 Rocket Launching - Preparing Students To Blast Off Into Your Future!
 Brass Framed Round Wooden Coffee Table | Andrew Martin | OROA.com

---

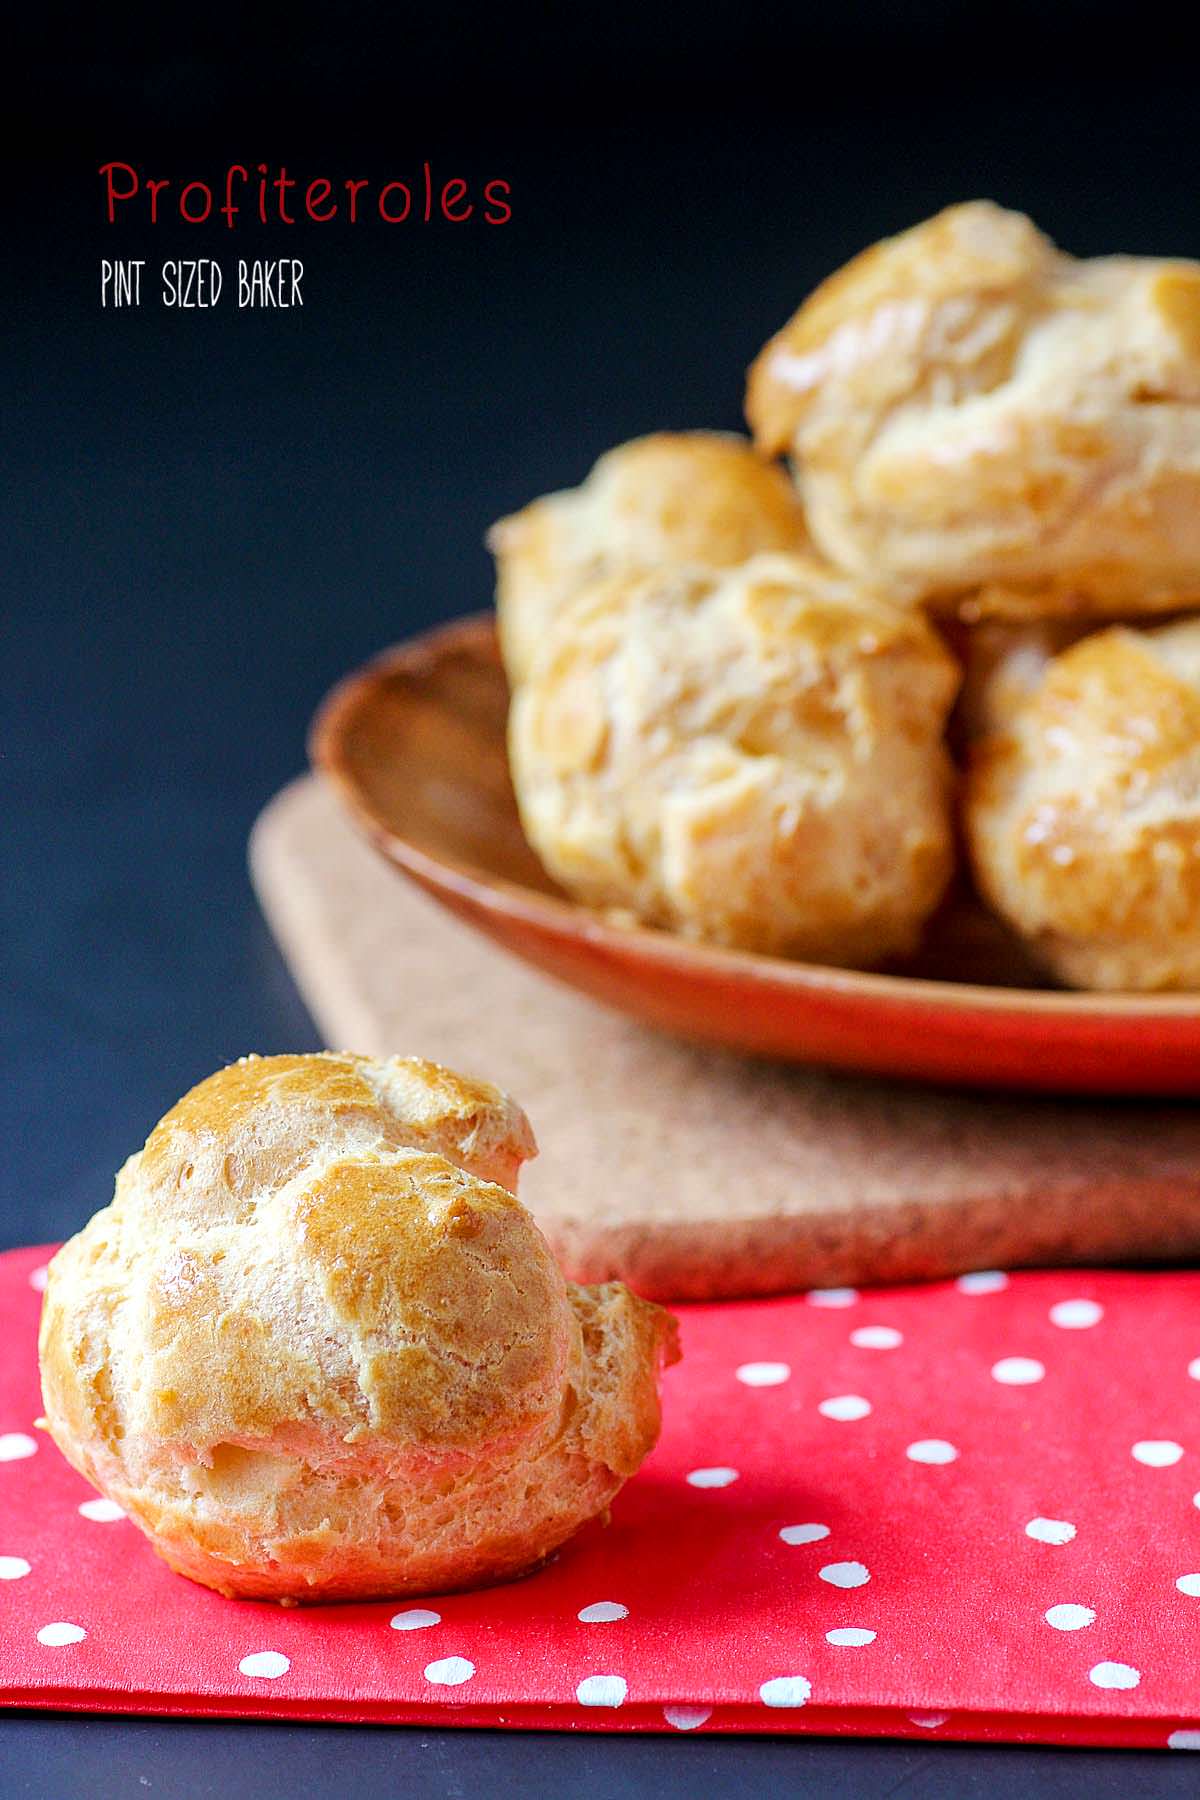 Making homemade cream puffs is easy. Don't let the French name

--

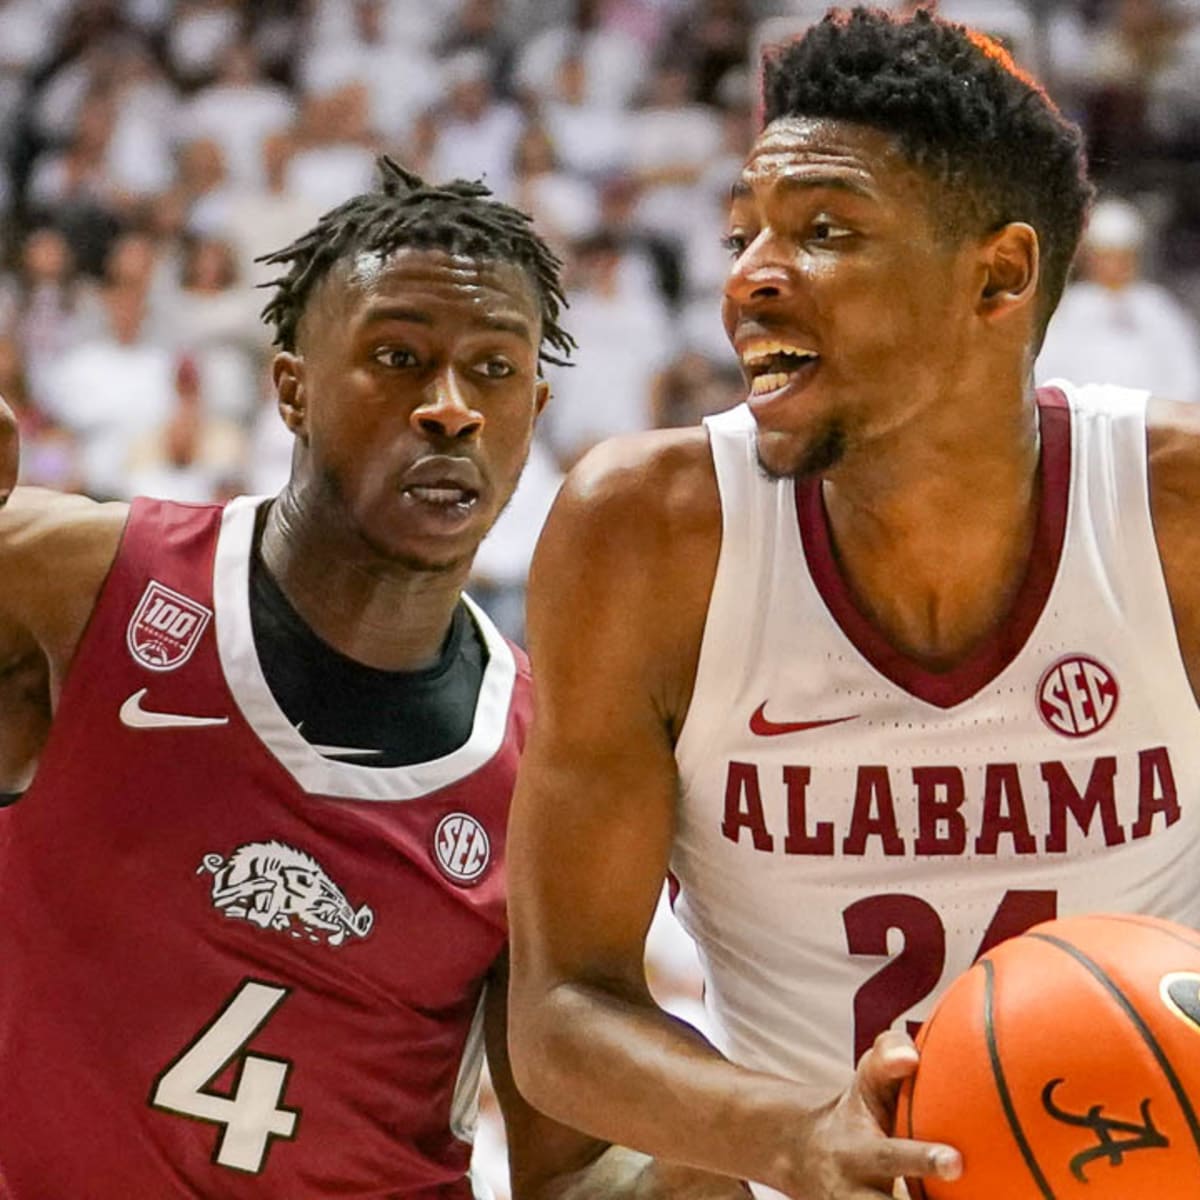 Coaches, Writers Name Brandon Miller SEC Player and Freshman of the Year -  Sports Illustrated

[Task item]
Repeat, exactly as they stand above, the lines from the line with "Rocket Launching - Preparing" to the line with "Brass Framed Round", both lines included.

[Worked solution]
 Rocket Launching - Preparing Students To Blast Off Into Your Future!
 Brass Framed Round Wooden Coffee Table | Andrew Martin | OROA.com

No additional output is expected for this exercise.